___ MATERIAL PROVIDED
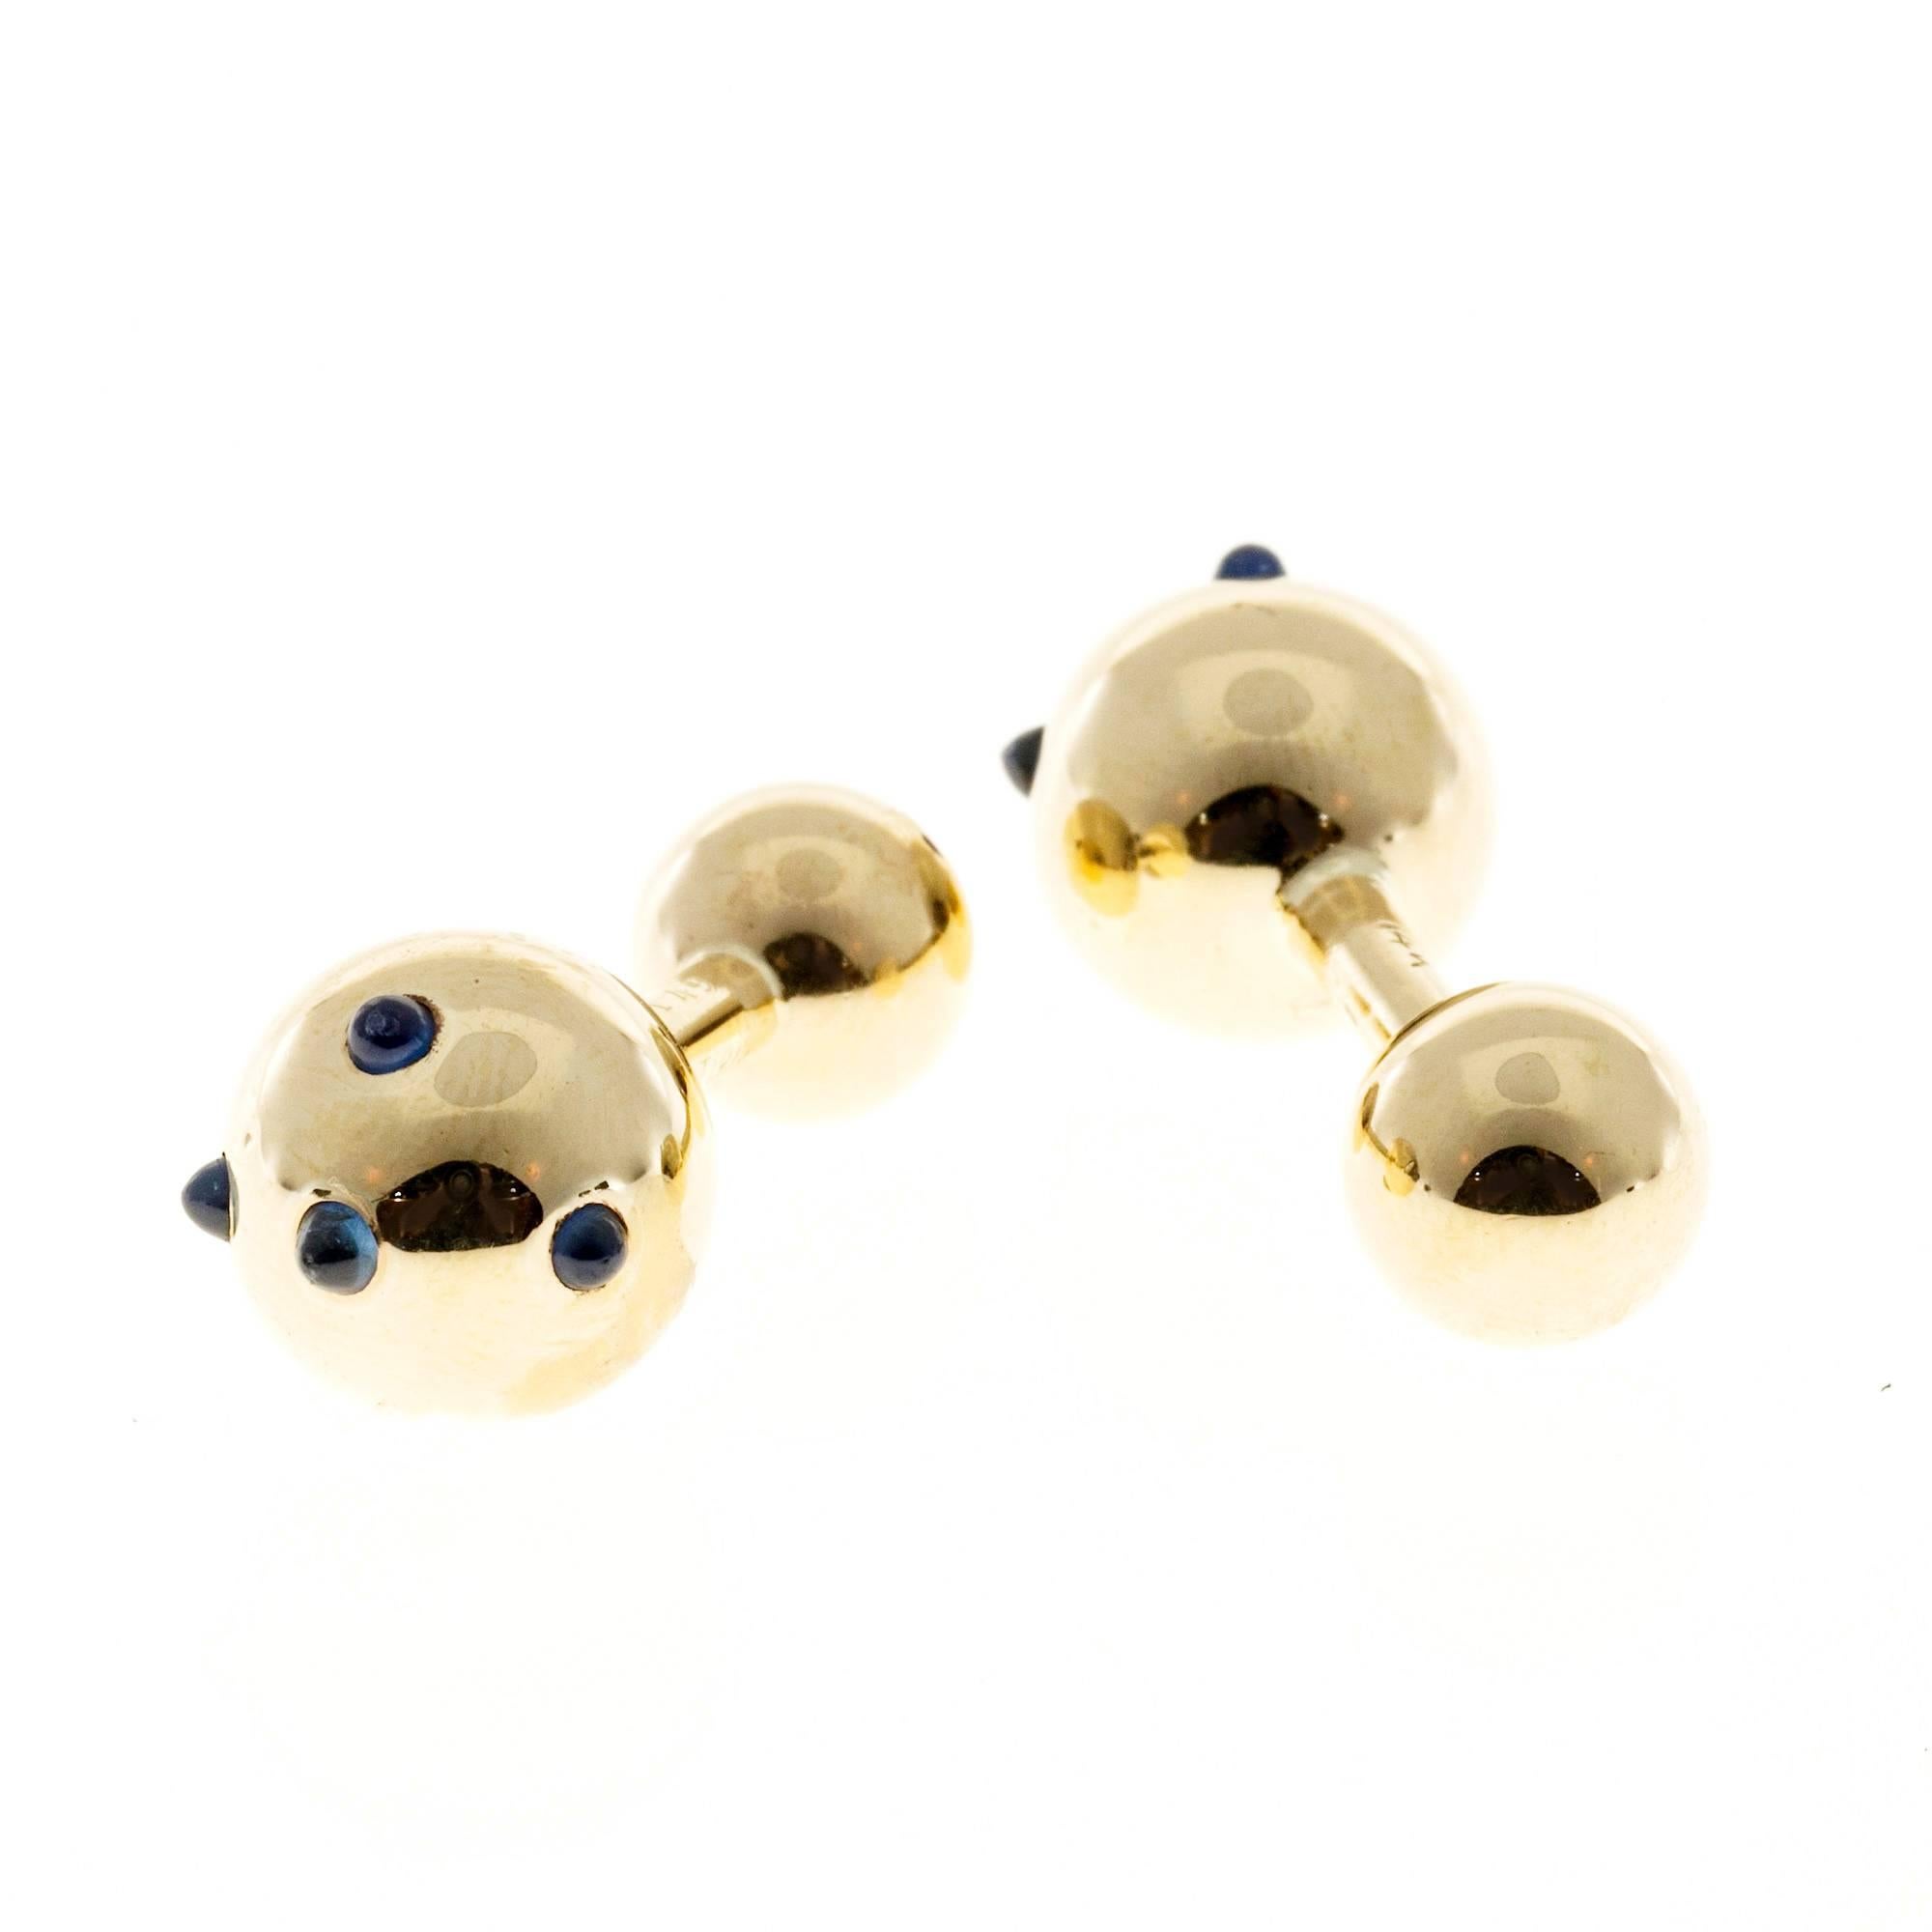 Cartier 1960-1969 Cartier barbell cufflinks in 14k yellow gold with cabochon Sapphires.

10 round cabochon blue Sapphires, VS, 2mm
14k yellow gold
Tested and stamped: 14k
Hallmark: 11149 Cartier
10.6 grams
Bar Bells: Large – 12.5mm – Small:
______
§ **YOUR GOAL**: Restate each record from above word for word, excluding any picture it holds.

§ **REPLY**:
 Cartier 1960-1969 Cartier barbell cufflinks in 14k yellow gold with cabochon Sapphires.

10 round cabochon blue Sapphires, VS, 2mm
14k yellow gold
Tested and stamped: 14k
Hallmark: 11149 Cartier
10.6 grams
Bar Bells: Large – 12.5mm – Small:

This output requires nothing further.